Threading Together Time, Space, and Emotion with Music:
An Interview with Film and Television Composer Jeff Russo
Abstract
In 1993, American guitarist, songwriter, and composer Jeff Russo co-founded the Grammy-nominated rock band Tonic. During the band's four-year hiatus between 2004-2008, Russo discovered his interest in composing music for pre-written narrative stories in film and television. His first opportunity was Noah Hawley's crime drama series The Unusuals (2009). Since, Russo has composed the music for all five seasons of Hawley's Fargo (2014-present) as well as Hawley's psychological feature film, Lucy in the Sky (2019). Russo has also struck up a collaborative relationship with writer and director Steve Zaillian, composing the score for the crime miniseries The Night Of (2016), and the Netflix limited series, Ripley (2024), an adaptation of Patricia Highsmith's 1955 psychological thriller, The Talented Mr Ripley.
Russo has scored a diverse collection of stories, from crime to sci-fi, black comedy to action thrillers.
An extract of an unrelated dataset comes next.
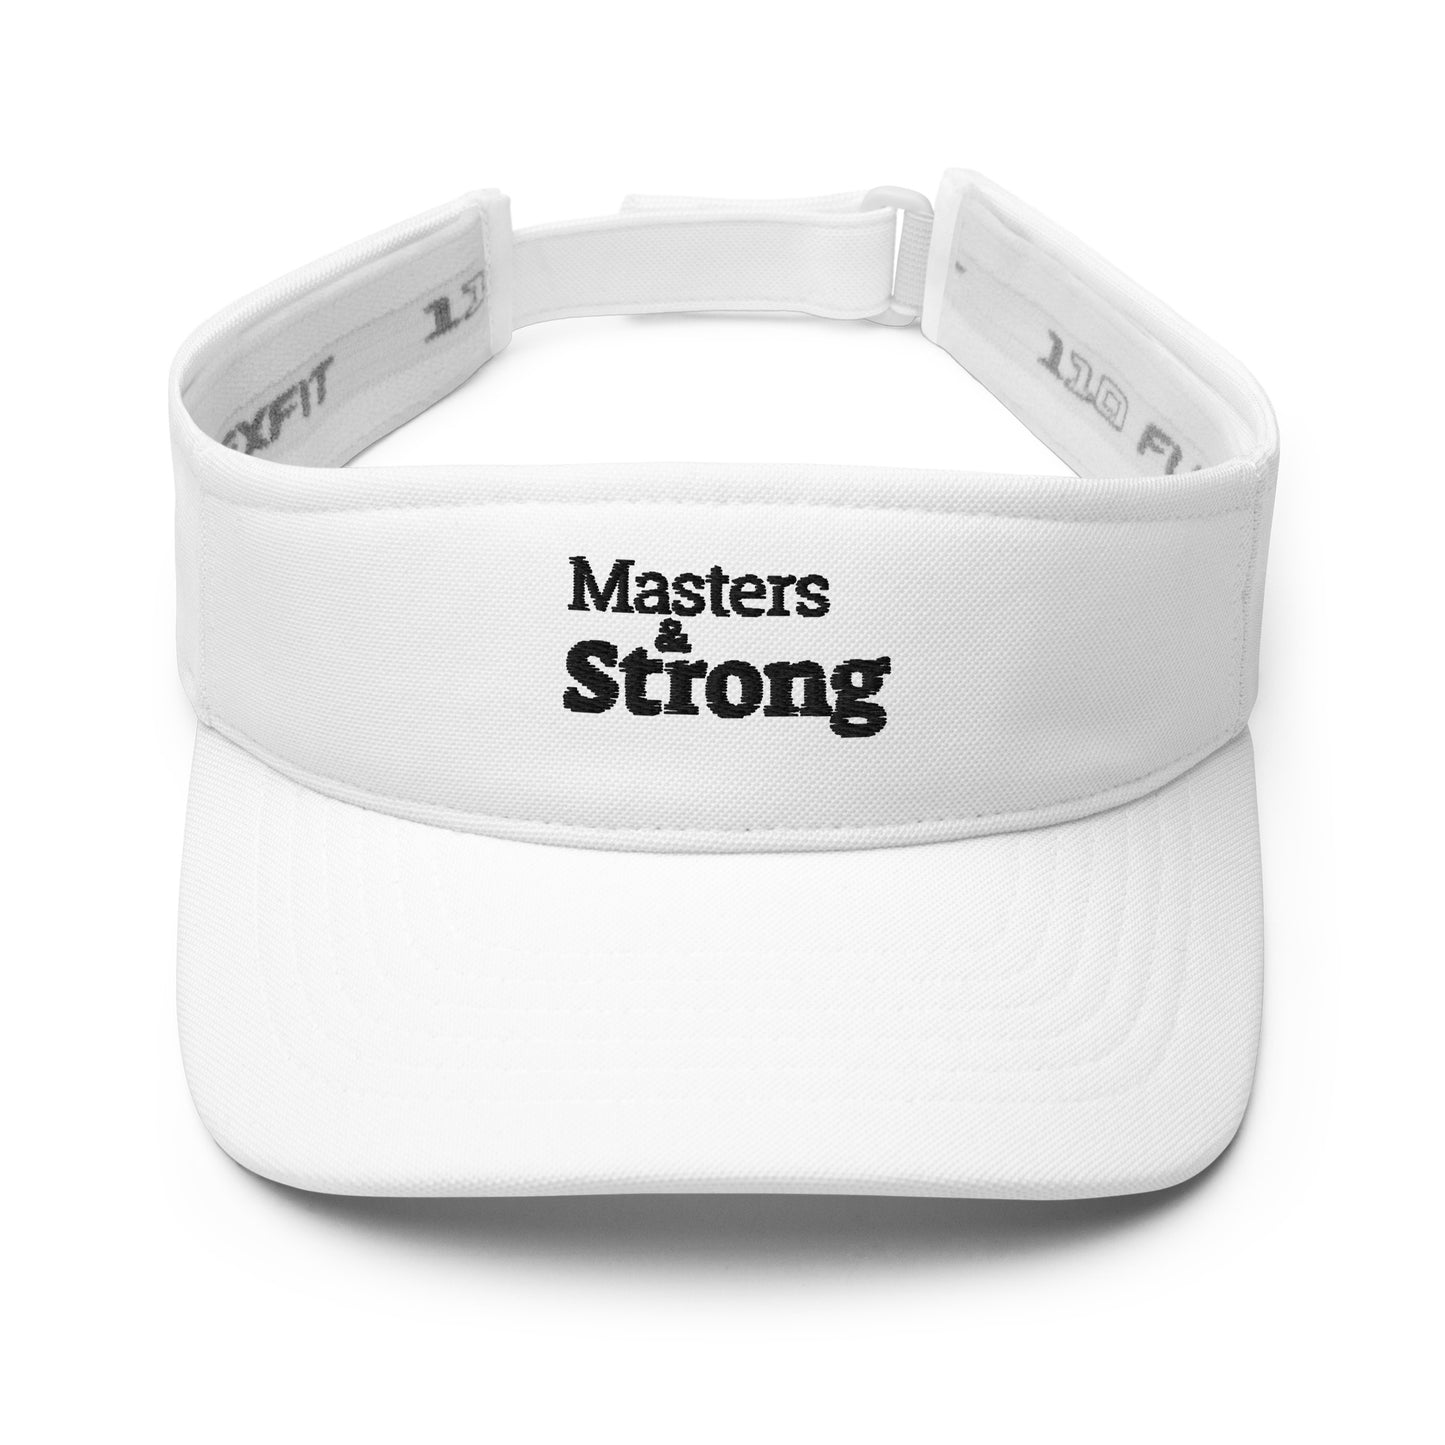 Masters & Strong visor

His works include Star Trek: Discovery (2021-present), Picard (2020-23), Peter Berg's espionage action-thriller Mile 22 (2018), Craig William Macneill's biographical thriller Lizzie (2018), and Nick Tomnay's delightfully dark comedy, What You Wish For(2023), about a chef with gambling debts who assumes the identity of a friend, only to find himself asked to procure an unusual menu for an exclusive dinner party.
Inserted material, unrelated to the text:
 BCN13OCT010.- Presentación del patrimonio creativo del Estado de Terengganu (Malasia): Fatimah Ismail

Speaking with MSJ, Russo acknowledges the difficulty of discussing music given its subjectivity. The conversation is not difficult. Instead, what becomes apparent is the limitations of words to explain how music makes us feel. It can be described, but there's something evasive and ambivalent about this description. We're left searching for a fuller way to verbally and intellectually articulate what it is that music makes us feel.
Two of today's prominent composers, John Williams and Hans Zimmer, shape the conversation about the role of music in storytelling. Russo identifies some fascinating contradictions in how we can compare the pair. It becomes apparent that Russo understands the process of composing music is the pursuit of connection and, for viewers, the subliminal manipulation of music is intrinsic to the emotional connection. This idea of connection is a recurring theme that he returns to when he discusses sublimating the experiences of characters in his own process for Fargo, Picard and Ripley.